Las reacciones de la gente fueron diversas. En general, hombres y mujeres se acercaban al camión, lo ojeaban despacio, se santiguaban y se alejaban, sacudiendo las manos; en cambio, si eran solo mujeres, se aproximaban andando oblicuamente, se tapaban la boca con la palma de la mano, enjugaban huidizas lágrimas, reajustaban el ladeado velo negro sobre su cabeza y, dando diminutos pasos, desaparecían por la callejuela más próxima. También hubo quienes aplaudieron el “discurso” del oficial; particularmente se oyeron las fuertes palmadas del jefe de la Falange, Carlos; las de Remigio, “El del Lunar”; y las de una docena de “camisas azules” que constantemente gritaban «¡Arriba España!». Y también hubo quienes, dándose palmadas en los hombros, se fueron a tomar unas copas para celebrar la caza de los maquis en el bar de Bernardino, que hace esquina justo frente a la ventana enrejada del Ayuntamiento. En la fachada opuesta y casi esconcido, Pablito, el hijo del “Bigotes”, gemía inconsolable con las manos tapándose la cara.

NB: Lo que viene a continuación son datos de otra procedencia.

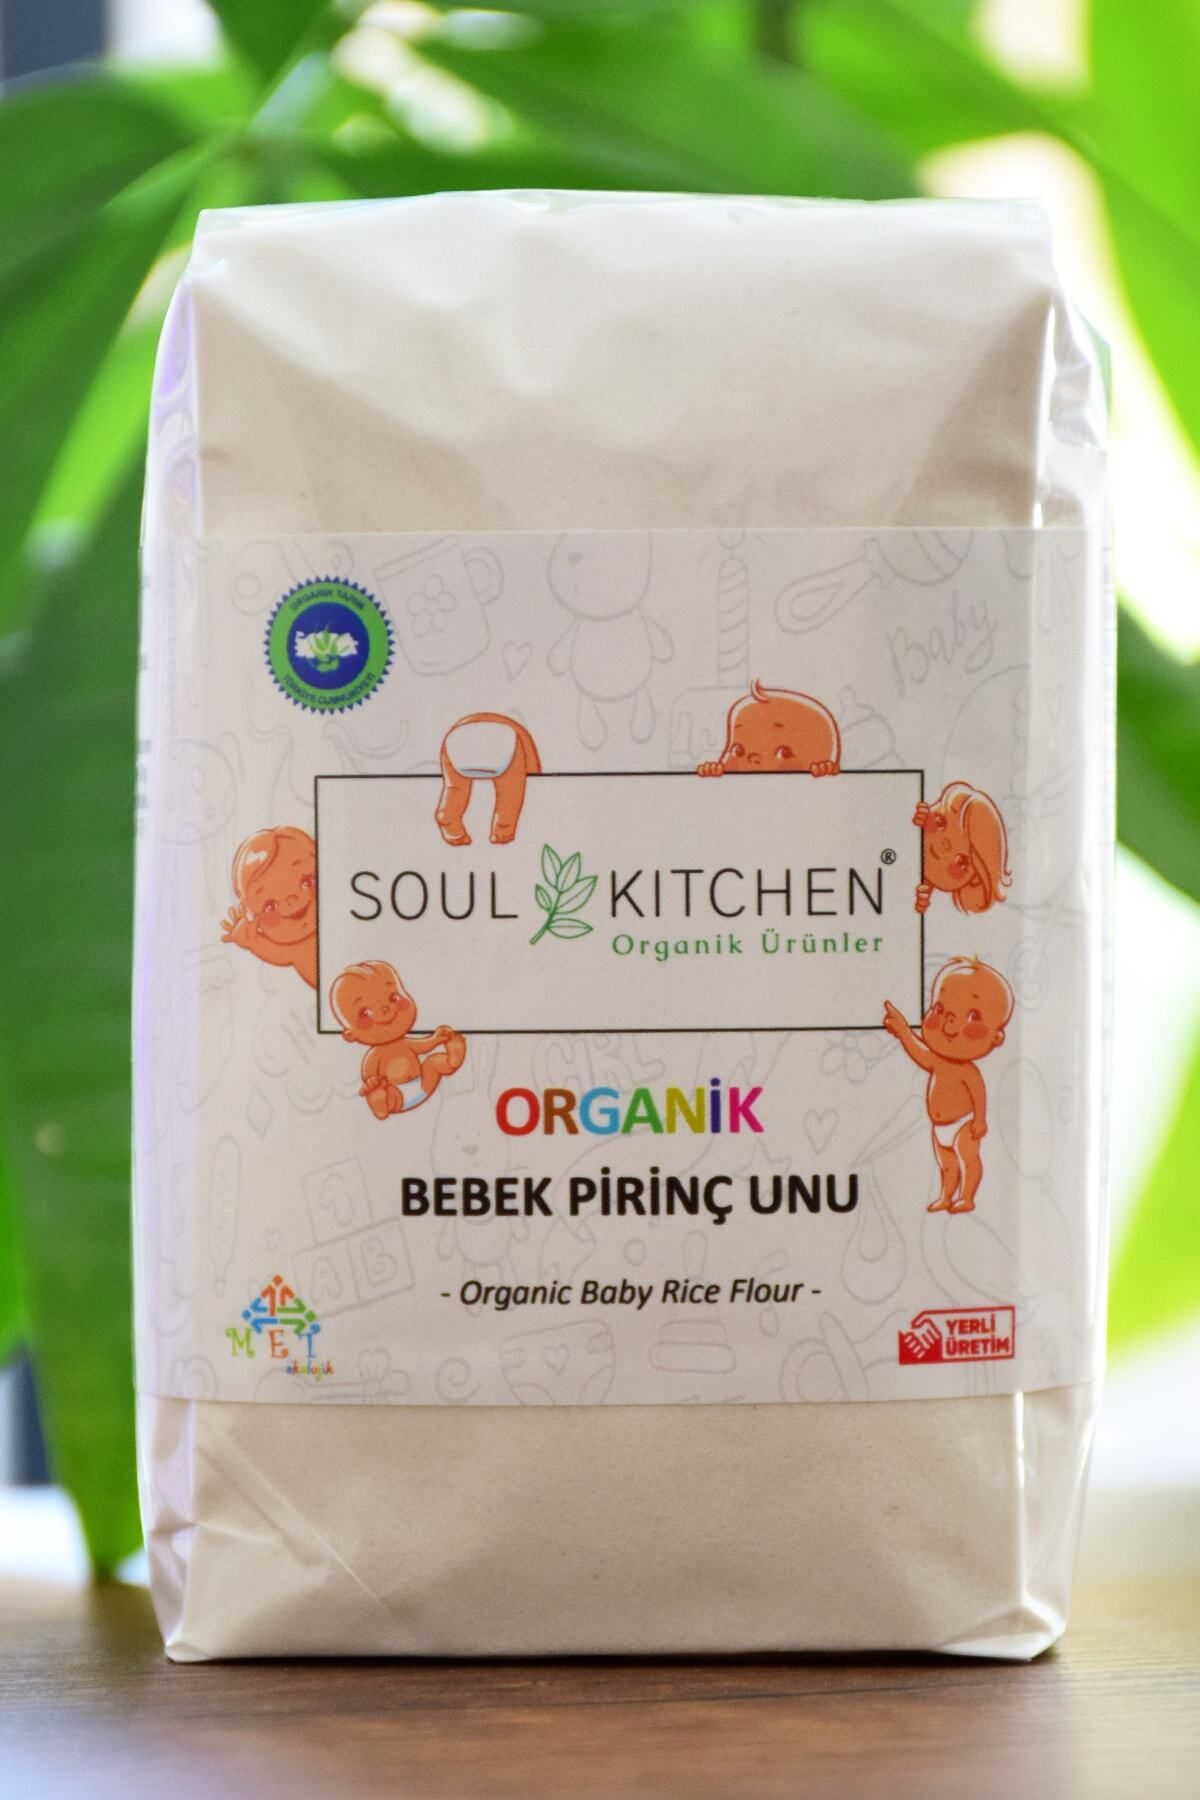 Soul Kitchen Organik Ürünler Organik Bebek Pirinç Unu 250gr

Al atardecer y de manera intempestiva, unos nubarrones fueron apareciendo por los tejados del poniente y un vientecillo agreste empezó a levantarse por las esquinas. Una hora después, no quedaba nadie en la plaza. Ya se había encendido el alumbrado público, cuando empezó a arreciar un tormentoso aguacero. Los hombres se cobijaron en el bar de Bernardino; mujeres y chiquillos, cogidos de la mano, corrieron a sus casas. Dos guardias civiles salieron del Ayuntamiento, cruzaron la plaza y entraron en el bar de Bernardino, lleno de hombres que conversaban envueltos en un laberinto de voces y de humo. Poco después, salieron con el chófer, se subieron en el camión, lo pusieron en marcha y enseguida torcían por la esquina de la parroquia de San Miguel. Frente a la puerta del Ayuntamiento, en el espacio vacío que dejó el camión, se iban formando pequeños charquitos de agua con sangre. Y, por las calles por donde pasaba, iba rezumando un fino reguero de sangre acuosa y pestilencia.
—Cuando volví a mi casa —dijo Juanito—, mi madre me echó una bronca por haber llegado tan tarde.

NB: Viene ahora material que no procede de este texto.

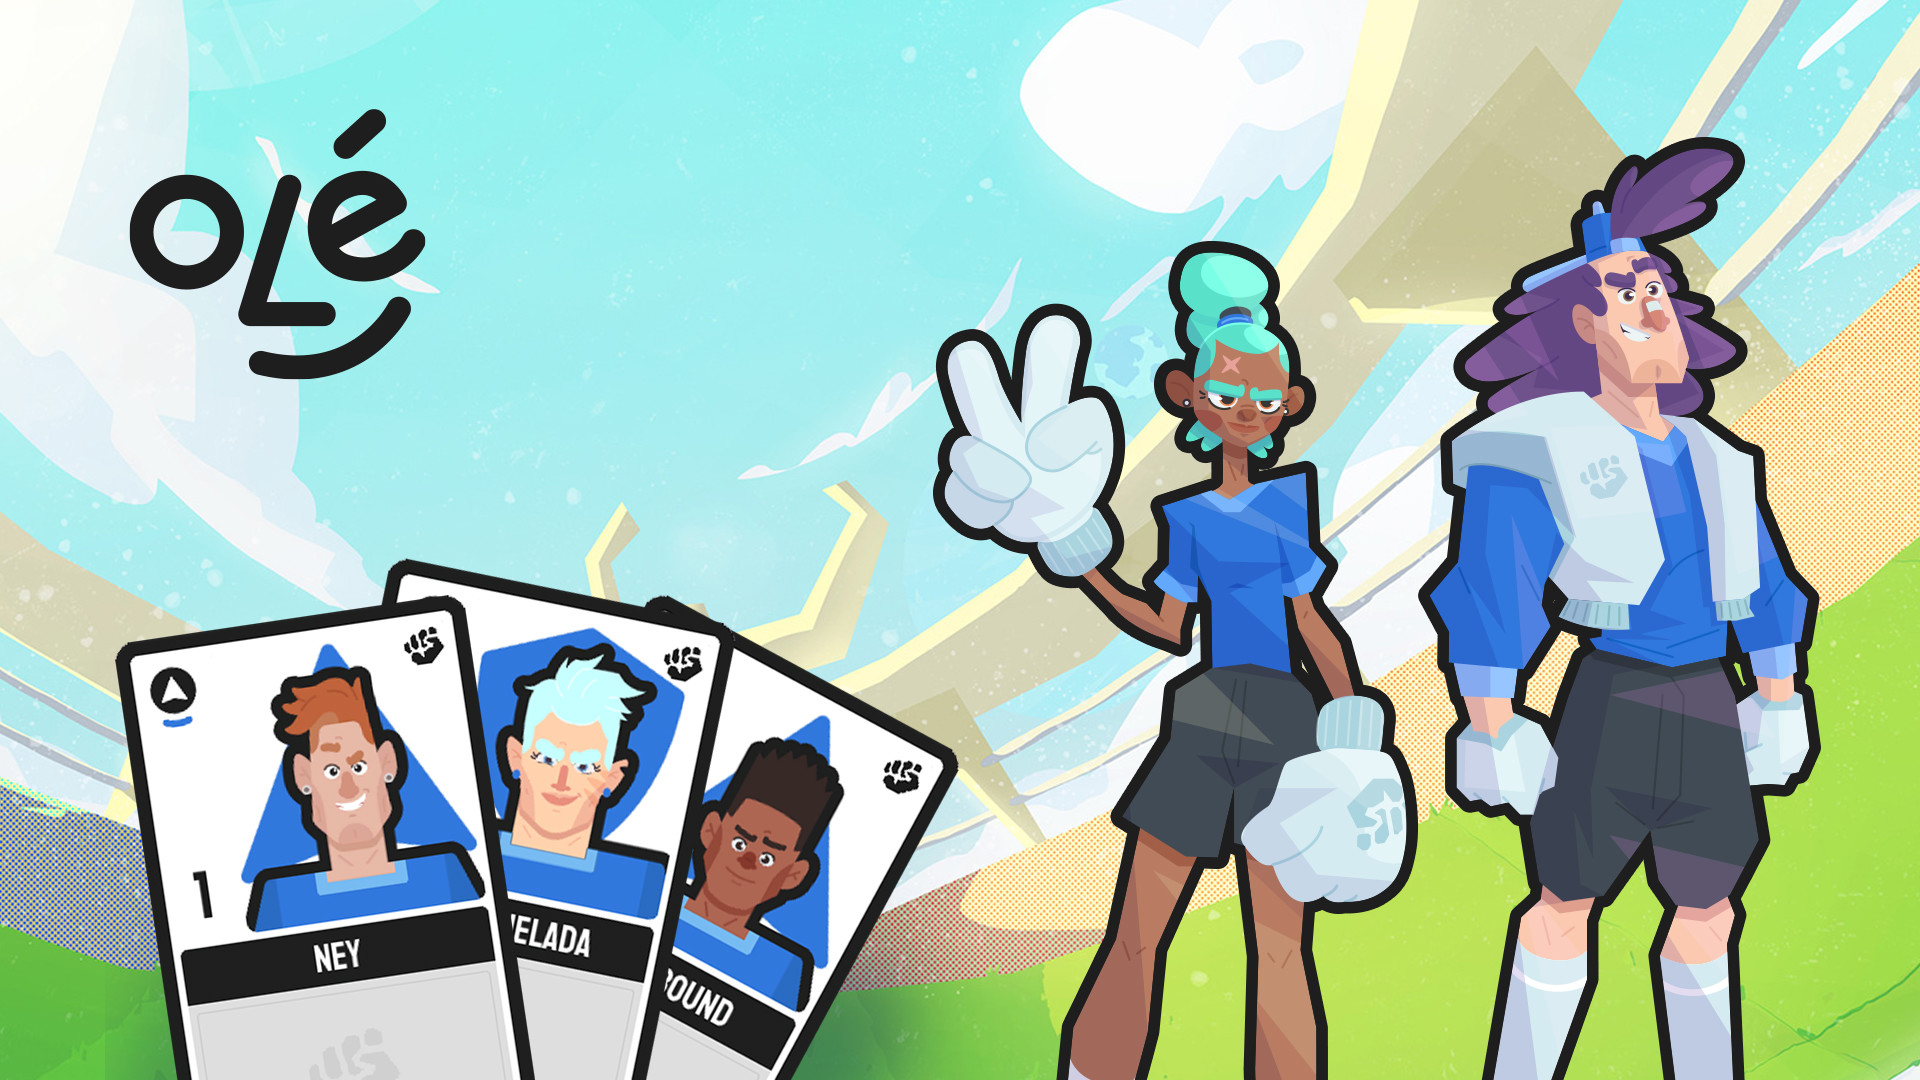 Ole - Card Game screenshot

—¡Te tengo dicho y repetido mil veces que debes volver a casa antes de que se enciendan las bombillas de la calle!
Y mi padre ‑terminó diciendo Juanito‑, que en ese momento salía a sus reuniones del sábado en el bar de Bernardino, me dio un buen cachete, al cruzarse conmigo en el umbral de la entrada al patio.

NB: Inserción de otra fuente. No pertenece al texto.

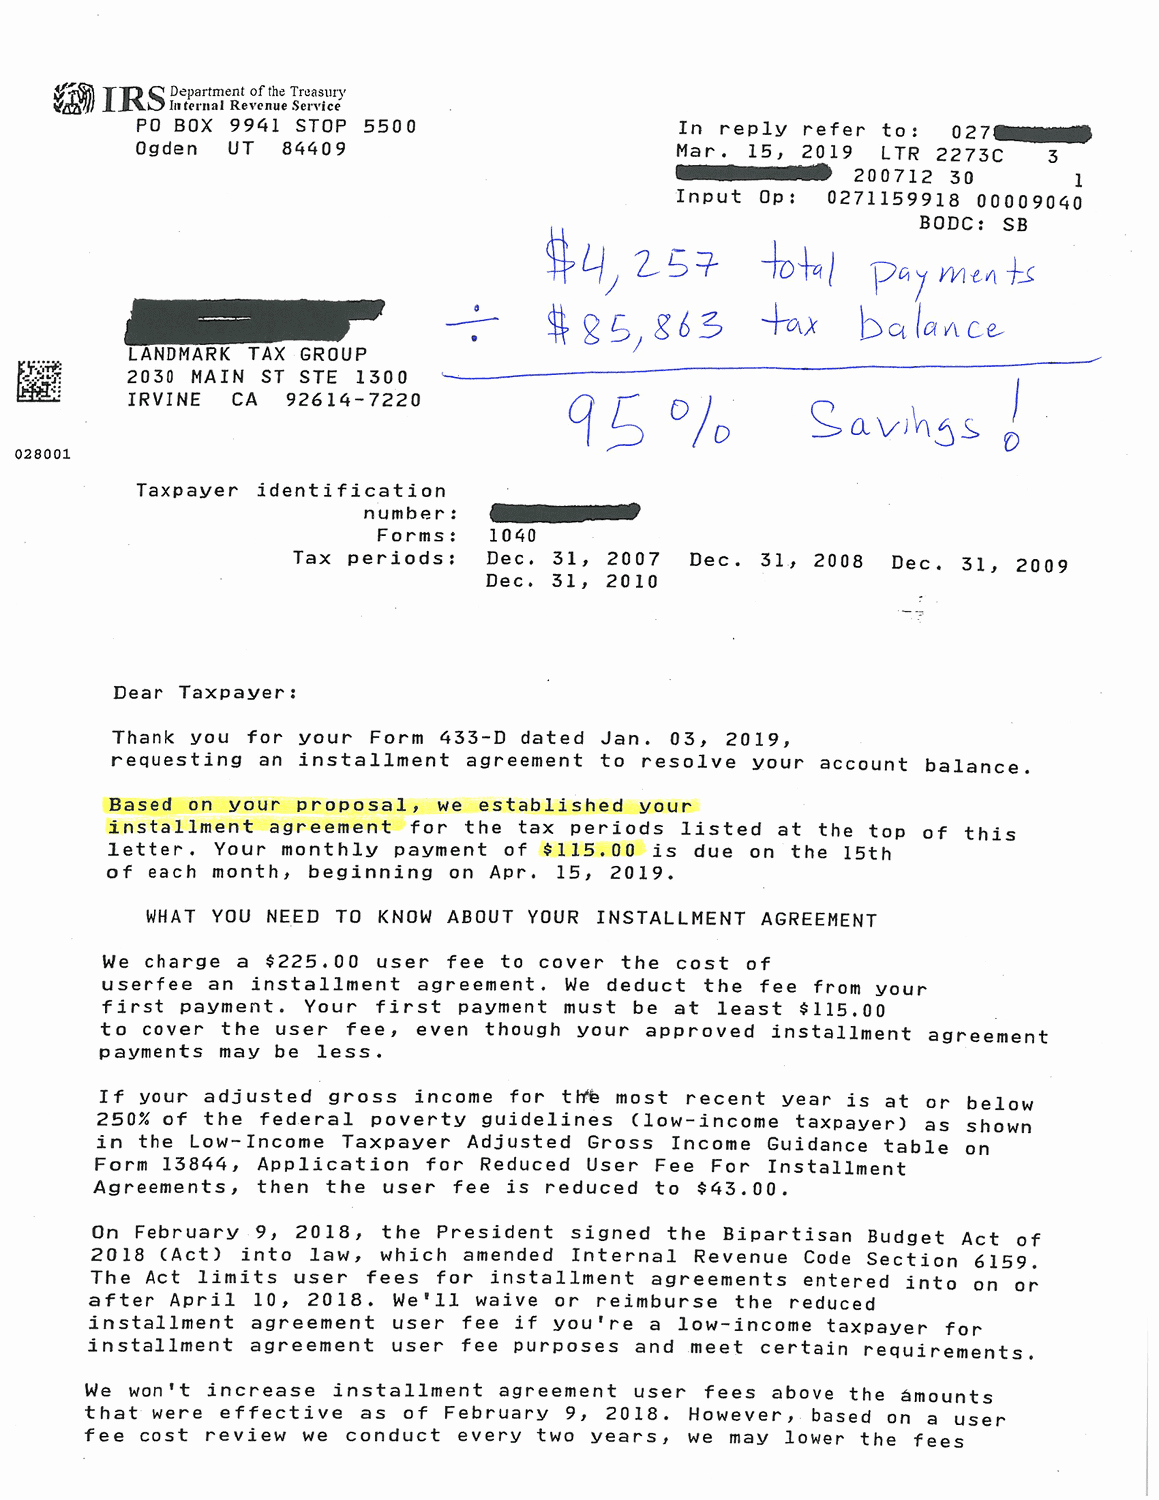 Payment Settlement Letter Lovely How An $85 863 Irs Bill Reached A Settlement

Ernesto y yo, estábamos boquiabiertos. «Pero qué bien cuenta Juanito las cosas ‑pensábamos‑; las cosas que pasan en nuestro pueblo». Y quedamos de acuerdo en que al dia siguiente, por la tarde, a la vuelta de la escuela, nos reuniríamos en el mismo sitio para comentar las novedades, si es que las hubiera, en torno al camión de los muertos.